> Assigned task:
A word-for-word copy of the data, with no images, is the required answer.

> Dataset excerpt:
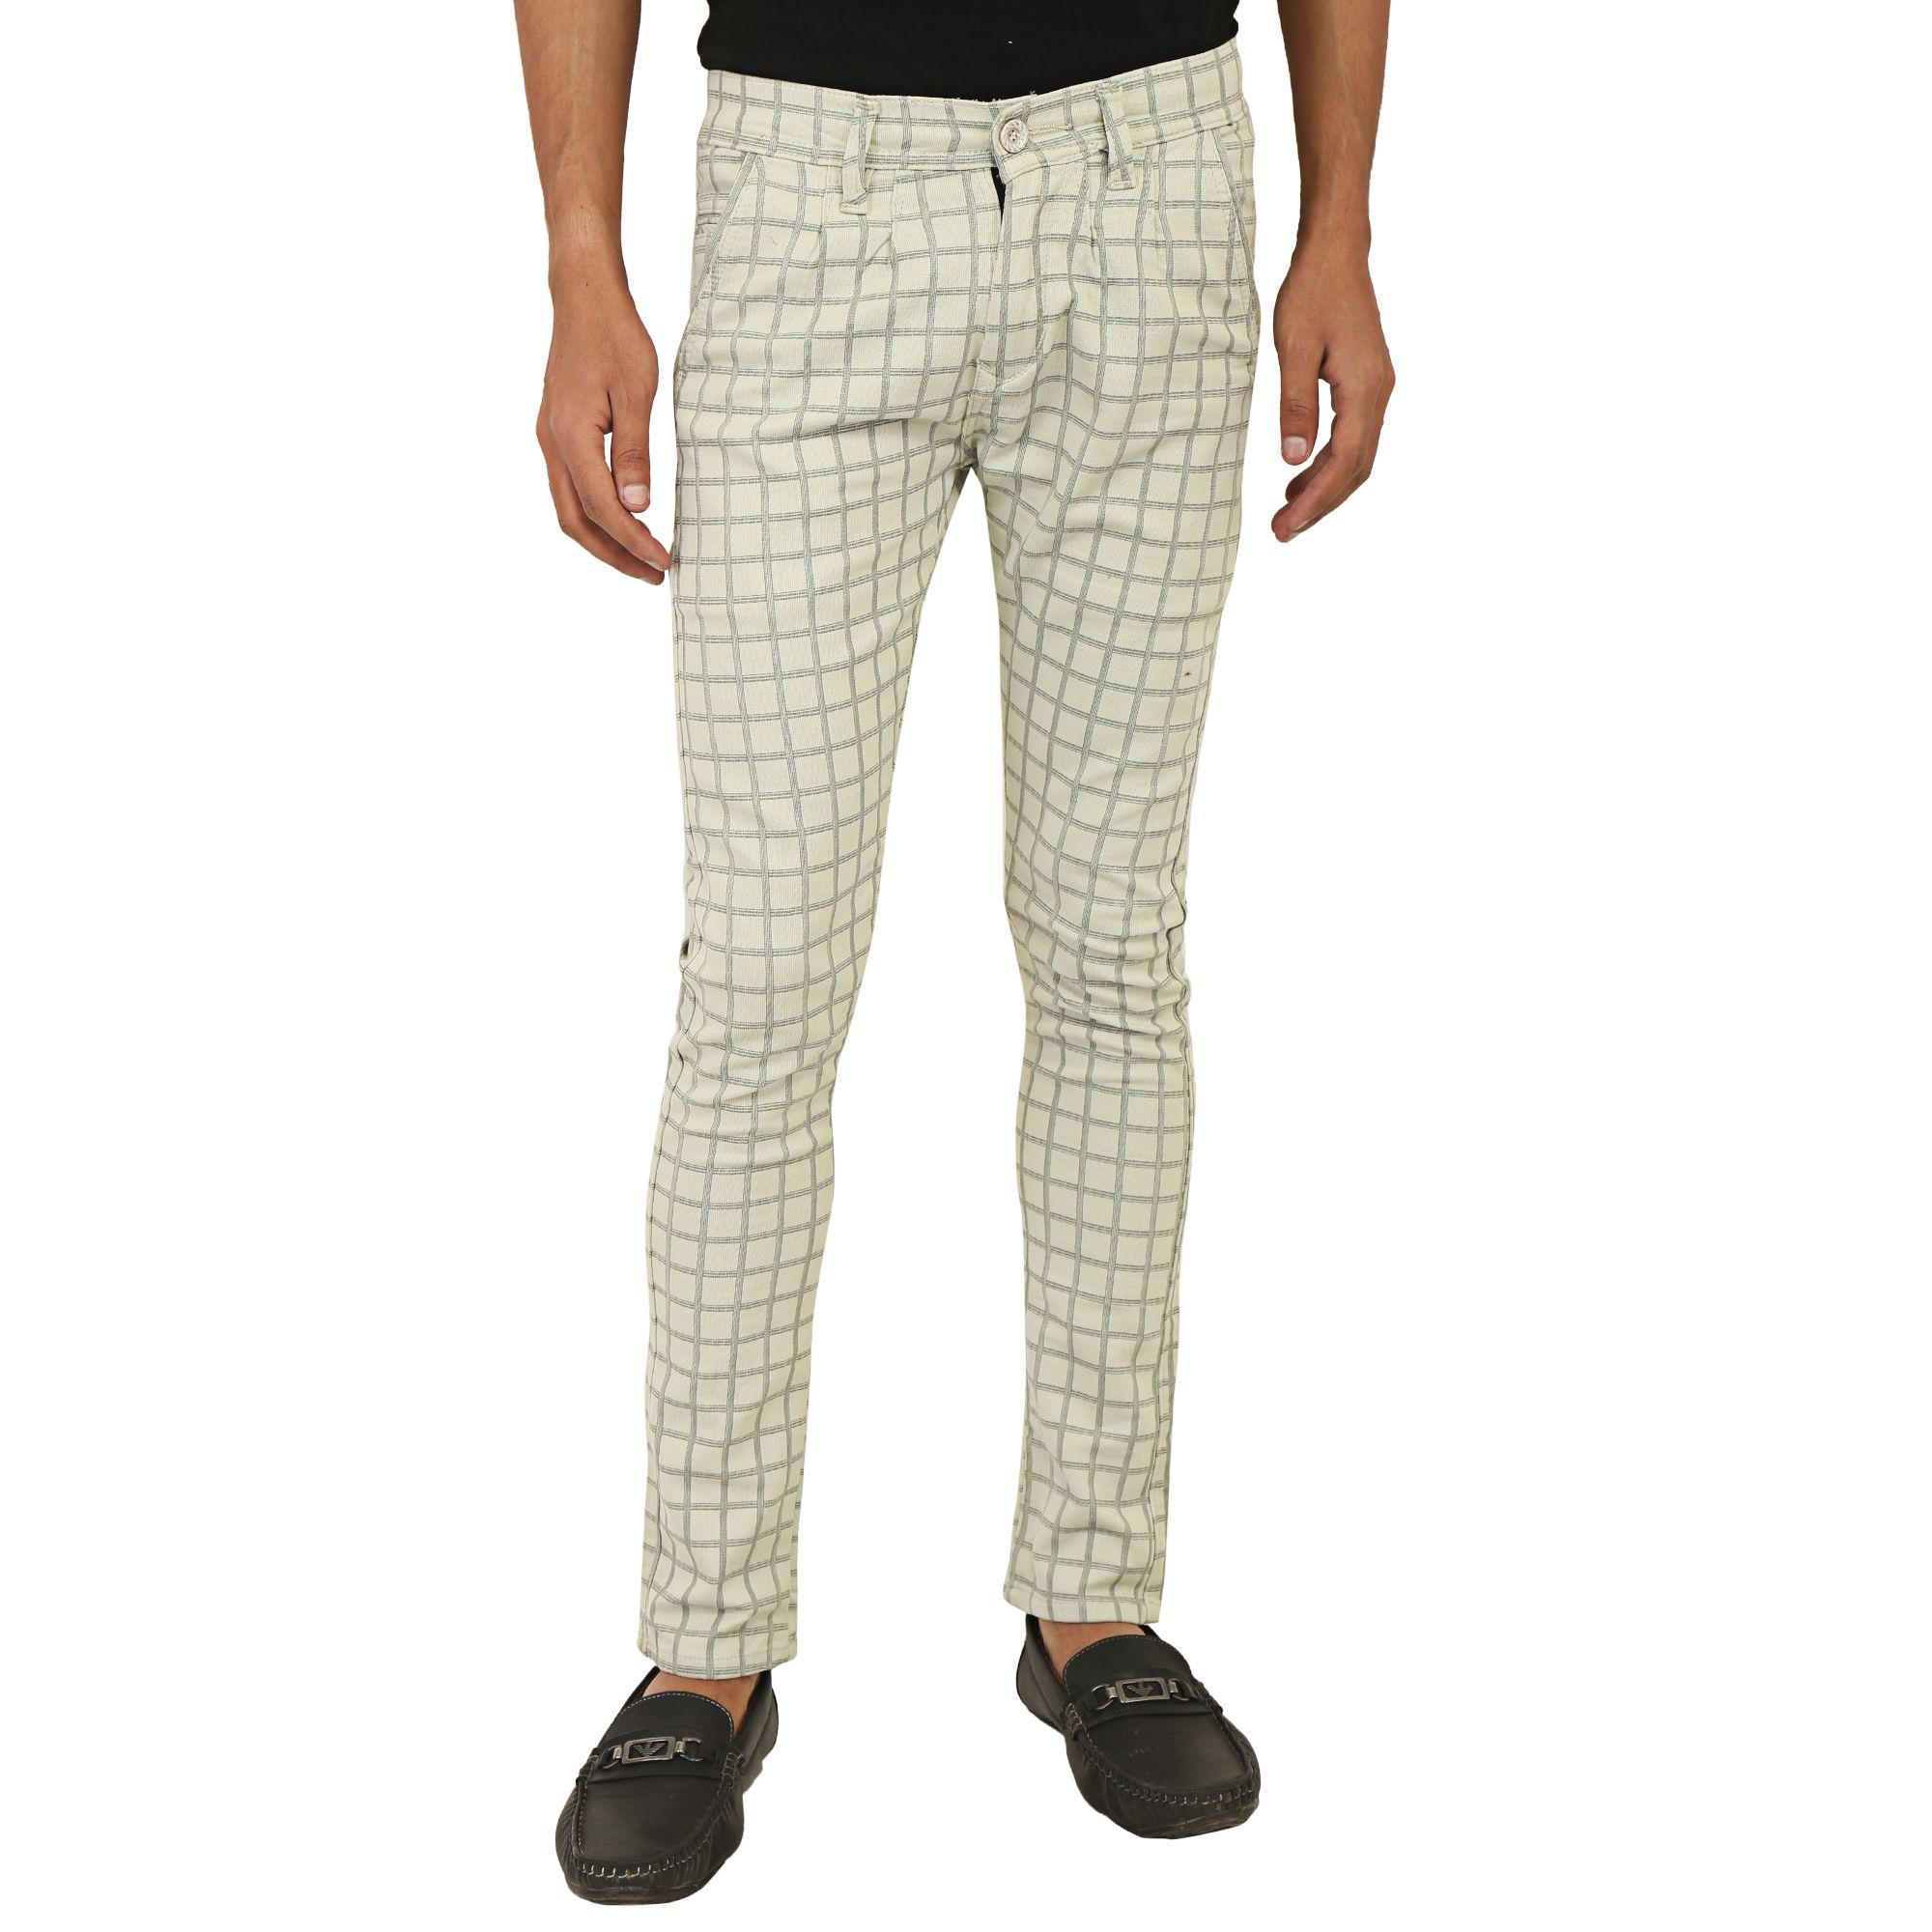 Roles Beige Regular -Fit Flat Trousers
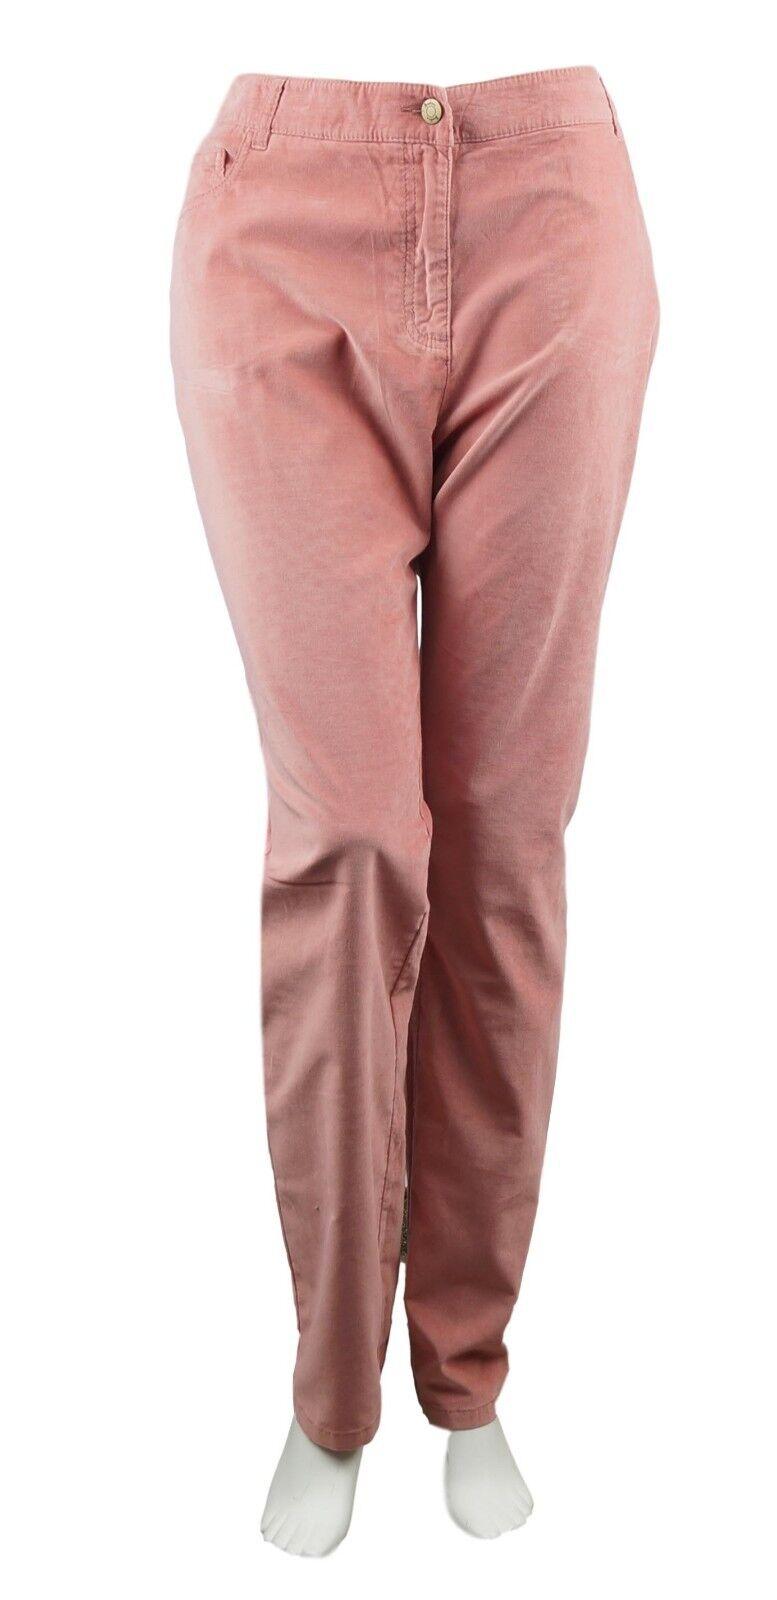 Boden daMänner Trousers Stretch Größe 46r uk.20r Hose Velvet Trousers 98% Cotton    0671
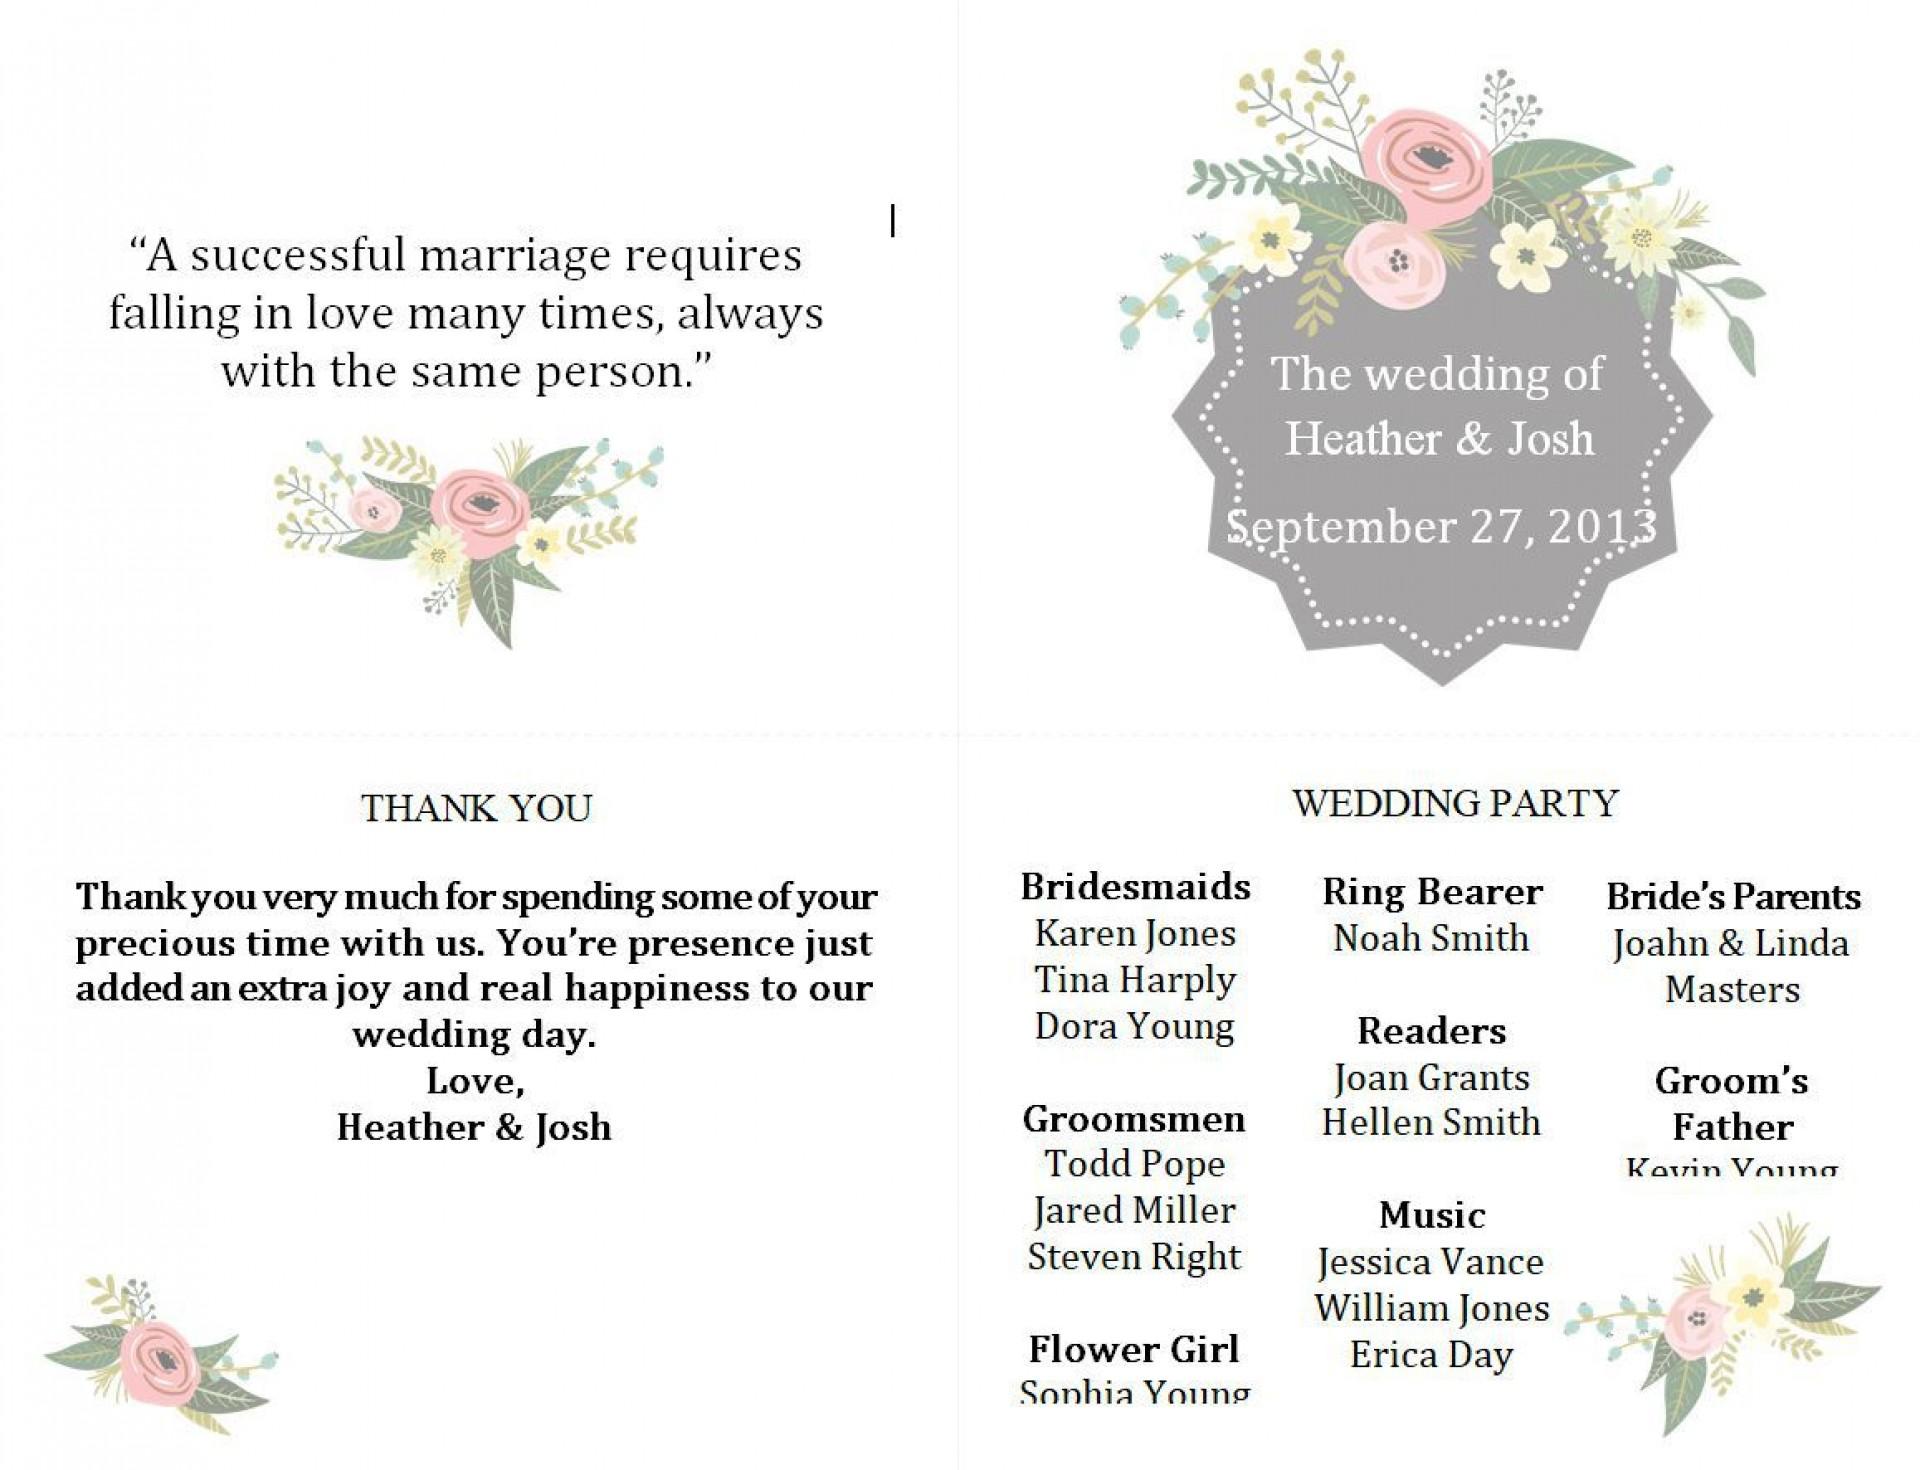 003 Beautiful Wedding Program Template Free Photo  Fan Download Elegant1920

> Written answer:
 Roles Beige Regular -Fit Flat Trousers
 Boden daMänner Trousers Stretch Größe 46r uk.20r Hose Velvet Trousers 98% Cotton    0671
 003 Beautiful Wedding Program Template Free Photo  Fan Download Elegant1920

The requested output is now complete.